Мать я любил безмерно. От нее исходило живое тепло, с ней было уютно, она обожала поболтать, но и сама с готовностью выслушивала любого. У нее, очевидно, был литературный талант, вкус и глубина. Но эти ее качества не смогли развиться должным образом, они так и остались невостребованными, скрытыми за неброской внешностью полной, добродушной, пожилой женщины. Она очень любила угощать гостей и прекрасно сама готовила, она, наконец, была не лишена юмора. Взгляды ее были вполне традиционными для человека ее положения, однако ее бессознательное нередко обнаруживало себя, и тогда возникал образ мрачный и сильный, обладающий абсолютной властью и как бы лишенный физического тела. Мне казалось, она состояла из двух половинок, одна безобидная и человечная, другая - темная и таинственная. Эта вторая обнаруживала себя лишь иногда, но всякий раз это было неожиданно и страшно. Тогда она говорила как бы сама с собой, но все ею сказанное проникало мне в душу и я совершенно терялся.

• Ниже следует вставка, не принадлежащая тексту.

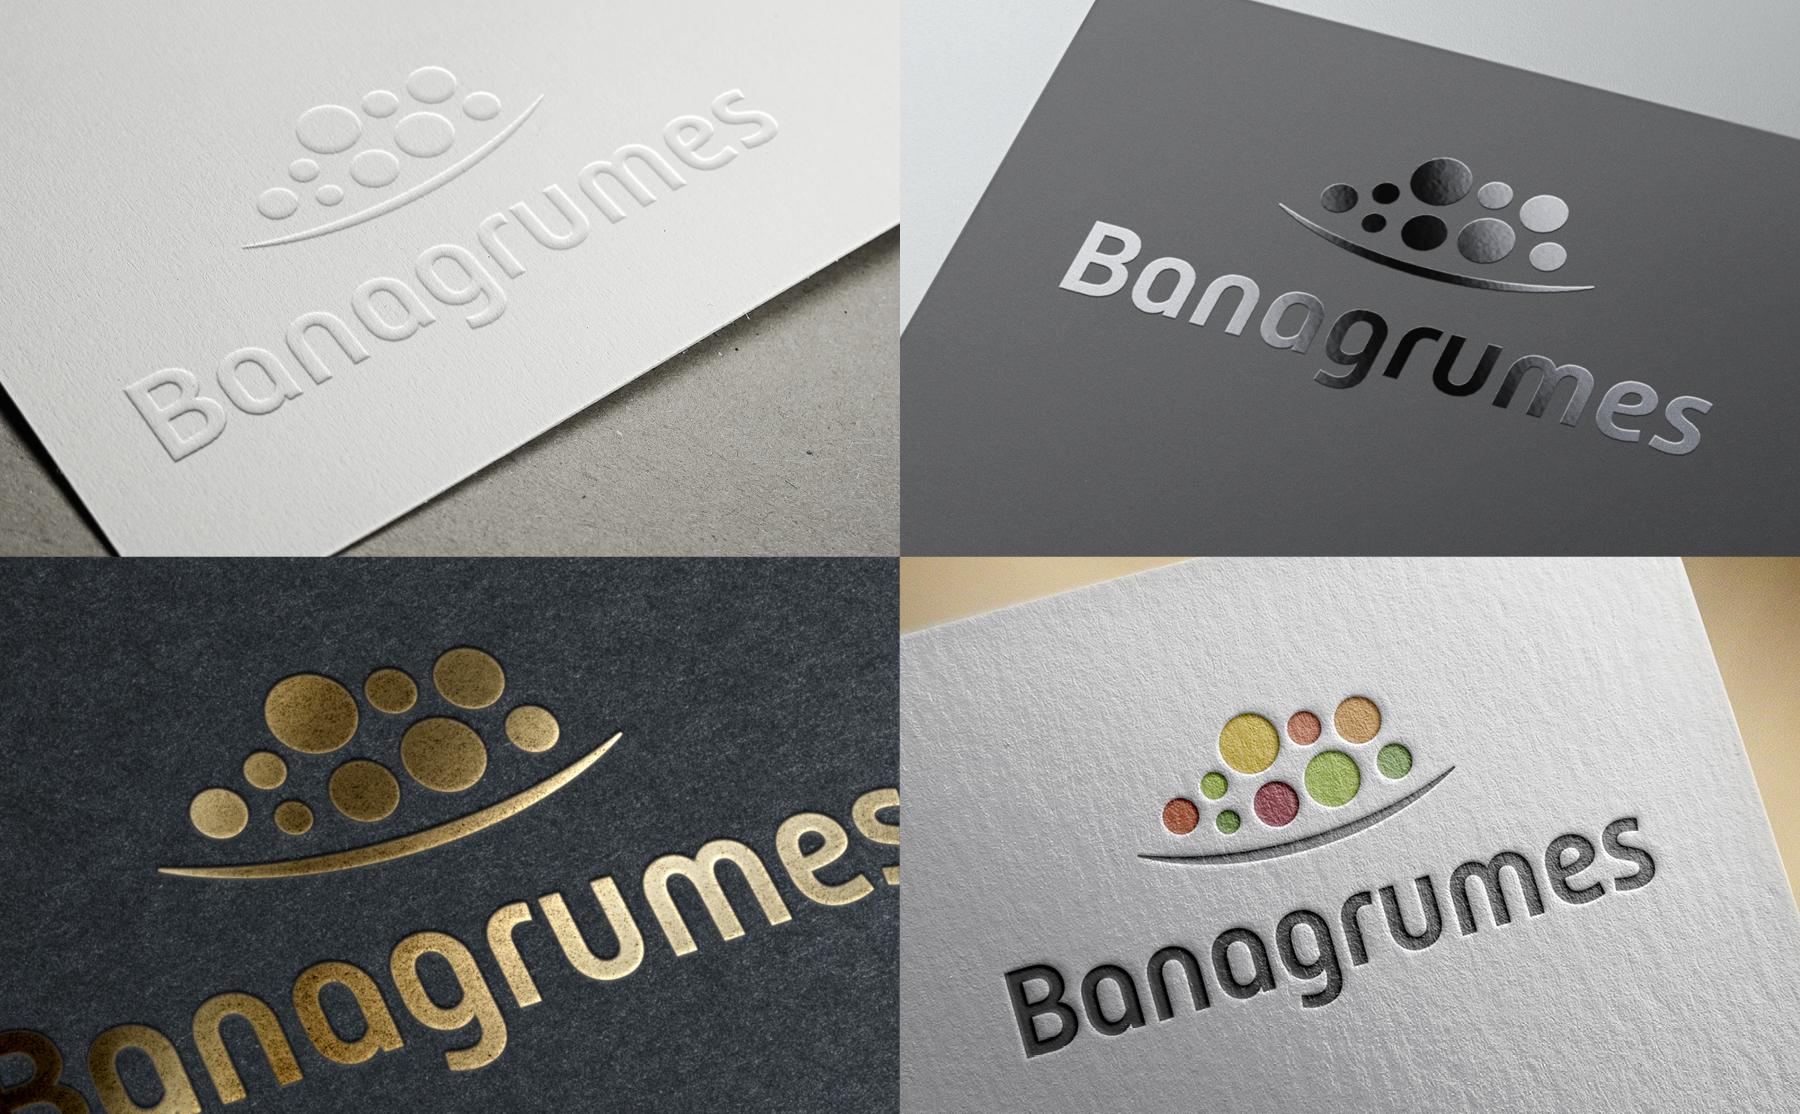 Variations couleurs logo Banagrumes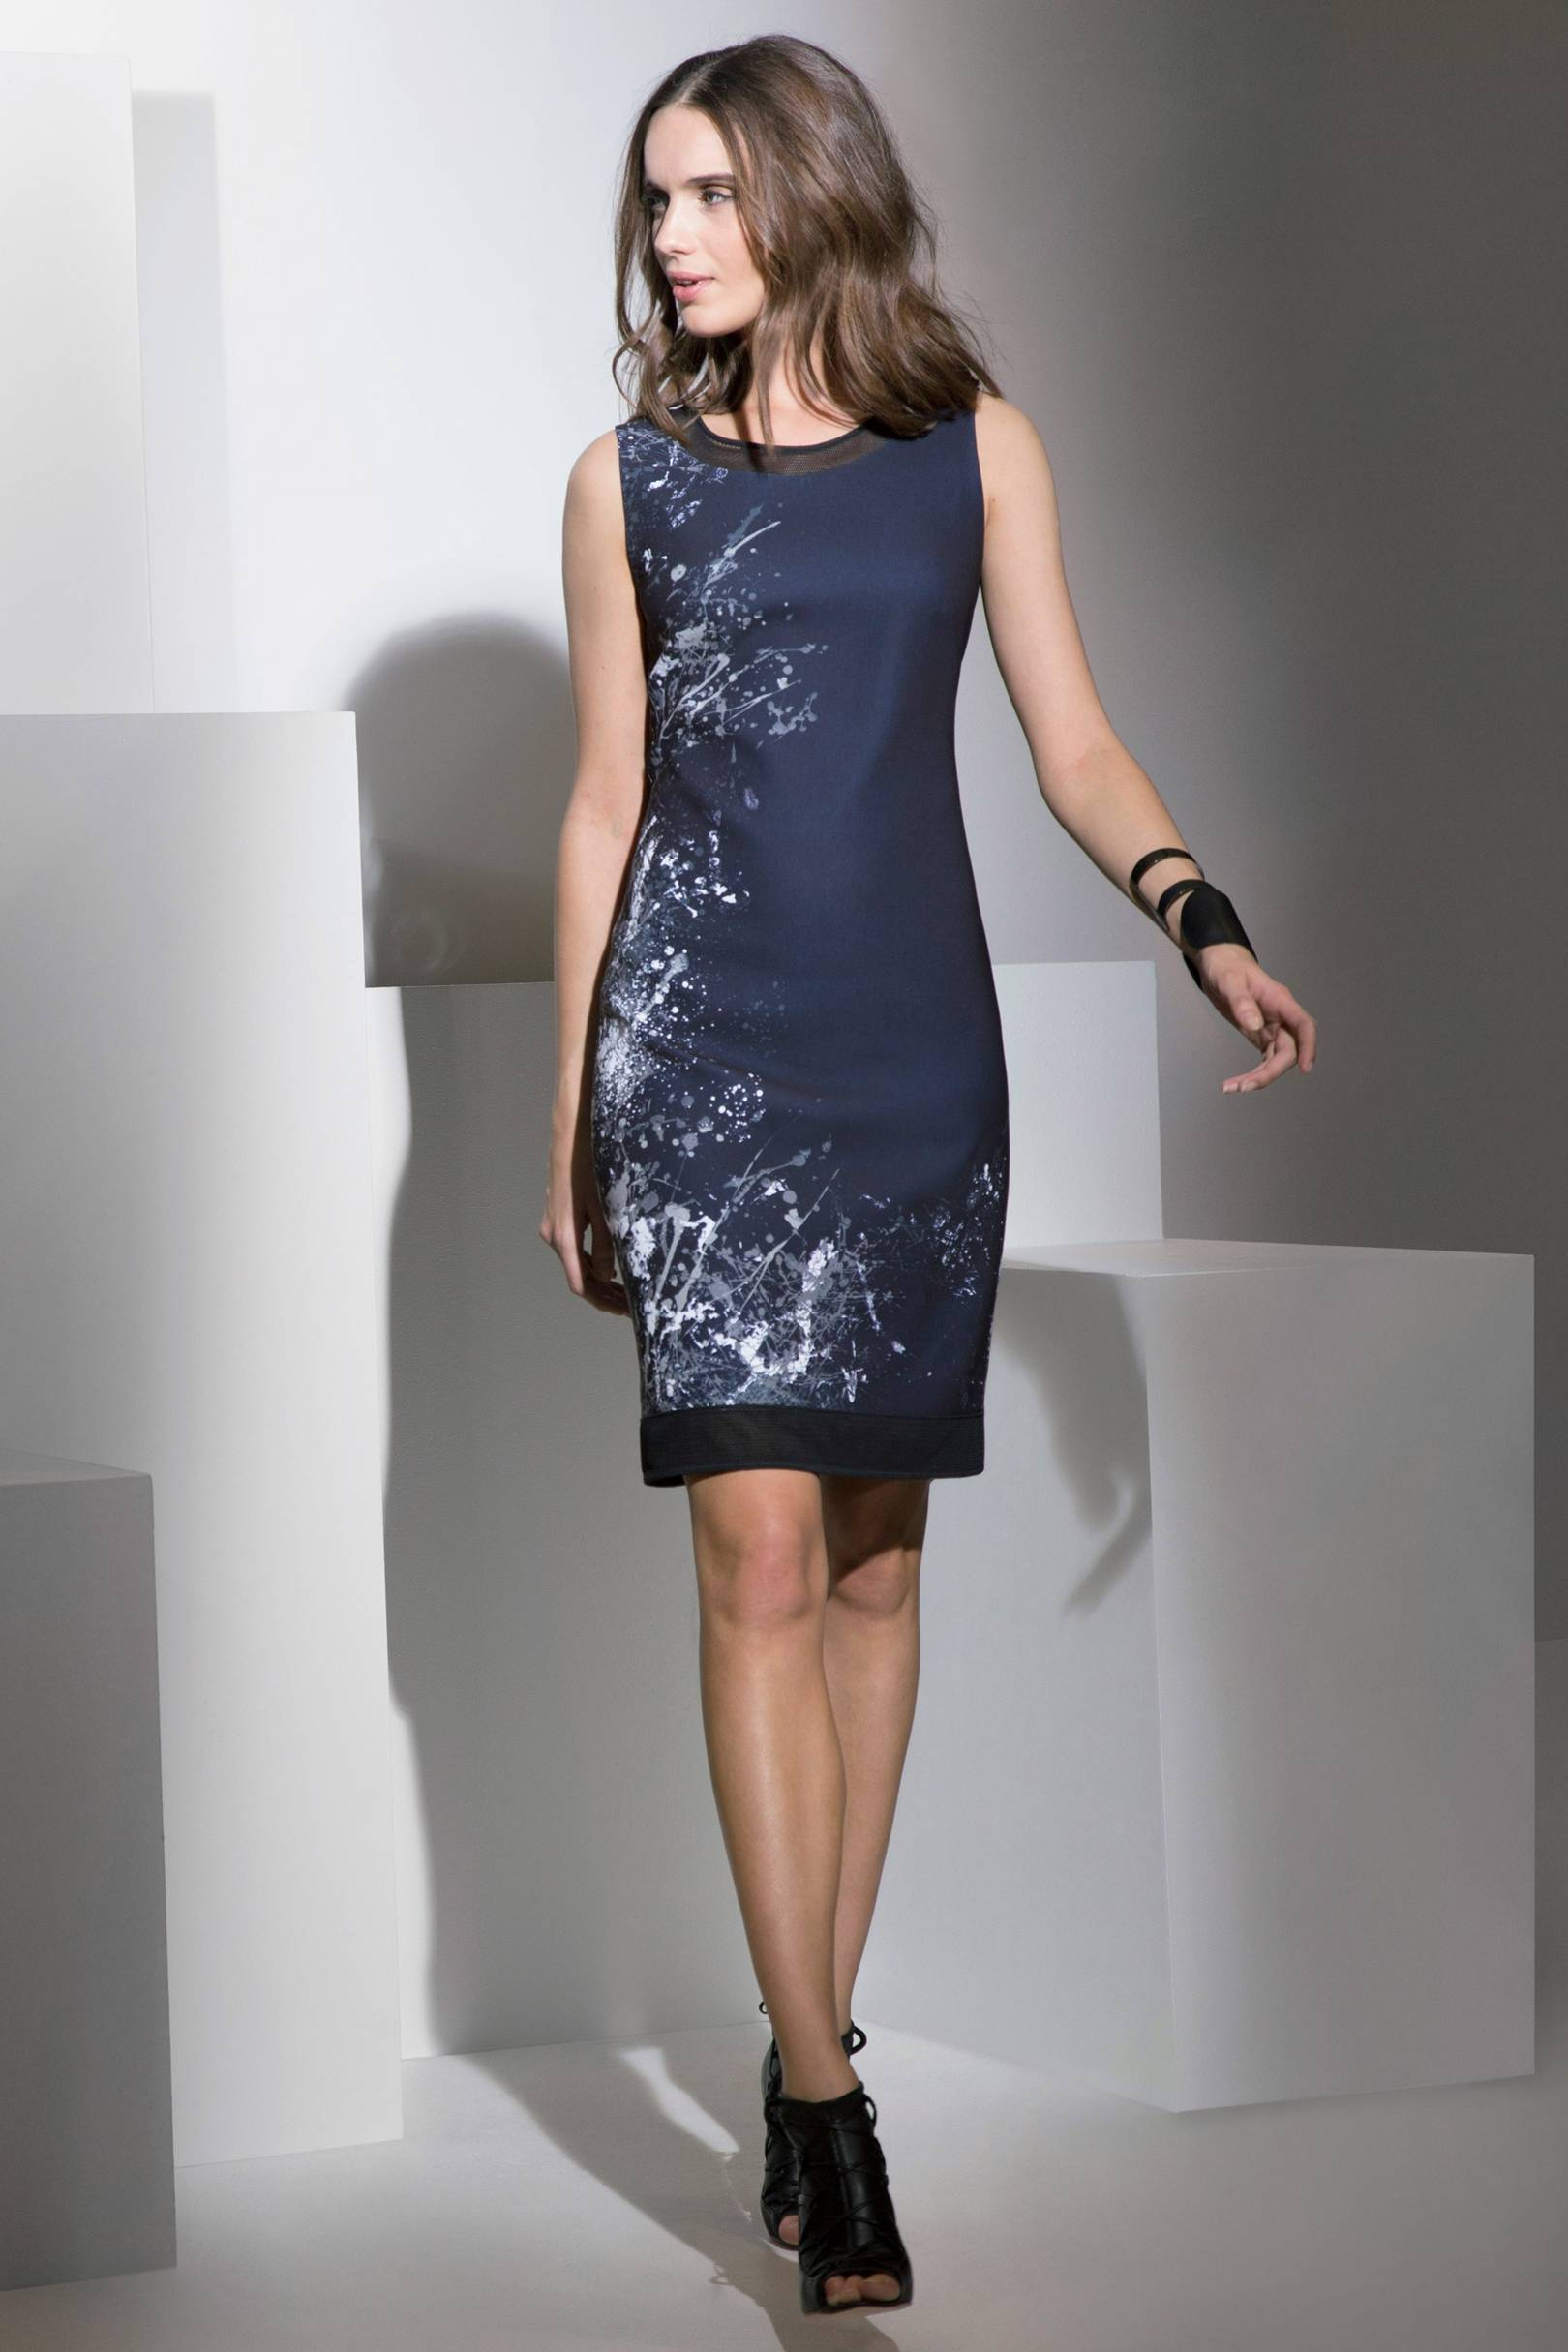 d13159637355 Elie Tahari Autumn/Winter 2014 Pre-Fall   British Vogue

Когда это случилось впервые, мне, помнится, было лет шесть и я еще не ходил в школу. По соседству с нами жили весьма зажиточные люди. У них было трое детей - старший мальчик, примерно моего возраста, и две девочки помладше. По воскресеньям детей наряжали, как мне казалось, очень смешно - в лакированные туфли, крахмальные жабо и белые перчатки. Одежду детей чистили щеткой, а их самих тщательно причесывали даже в будни. Они были хорошо воспитаны и старались держаться на расстоянии от меня, грубого мальчика в рваных брюках, дырявых туфлях и с грязными руками. Мать бесконечно не давала мне покоя сравнениями и наставлениями: "Посмотри на этих милых детей, они так хорошо воспитаны, так вежливы, а ты ведешь себя как уличный мальчишка, ты невозможен". Я почувствовал себя униженным и решил отколотить "милого мальчика", что и исполнил. Его мать пришла в бешенство, она прибежала к моей с криками и протестами. Моя мать была, конечно, напугана и прочитала мне приправленную слезами нотацию, более долгую и страстную, чем когда-либо раньше. Я не чувствовал никакой вины, наоборот, был вполне доволен собой. Мне казалось, что я в какой-то мере наказал этого чужака за вызывающее поведение. Однако волнение матери испугало меня. Раскаиваясь, что огорчил ее, я убежал к своему столику за клавикордами и принялся играть в кубики. Некоторое время в комнате было тихо. Мать, как обычно, сидела у окна и вязала. Потом я услышал, как она невнятно бормочет что-то, и из ее отрывочных слов понял, что она думает о происшествии, но смотрит на него уже другими глазами. Вдруг она произнесла: "Но нельзя же так выставляться, в конце концов!" Я догадался, что она говорила о тех разодетых "обезьянках". Ее любимый брат был охотником, он держал собак и без конца говорил о щенках, полукровках, помете и т. д. С облегчением я понял, что мать считает этих ужасных детей "беспородными" и что ее выговор не следует принимать всерьез. Но я уже тогда понимал, что должен оставаться совершенно спокойным, не показывать свой триумф и говорить: "Вот видишь, ты же сама так считаешь!" Она пришла бы в негодование: "Ужасный мальчишка, как ты смеешь говорить такое о своей матери!" Отсюда можно заключить, что нечто подобное случалось и раньше, просто я не помню.

Я рассказываю эту историю потому, что в тот период, когда развивался мой скепсис, произошел случай, проливший свет на двойственную природу моей матери. Однажды за столом заговорили о скучных мелодиях некоторых духовных гимнов. Речь шла о возможной их ревизии. И вдруг мать пробормотала: "О du Liebe meiner Liebe, du verwunschte Seligkeit" ("О любовь моей любви, ты проклятое блаженство..." - нем.). [Речь идет об оговорке: verwunschte (проклятое) и verwunschte (вожделенное).] Как и раньше, я притворился, что не расслышал, стараясь не выдать свое ликование.

Двойственная природа матери была одной из главных причин моих ночных кошмаров. Днем ласковая, по ночам она казалась странной и таинственной, являясь мне страшным всевидящим существом - полузверем, жрицей из медвежьей пещеры, беспощадной как правда и как природа. В такие минуты она была воплощением того, что я называю "natural mind".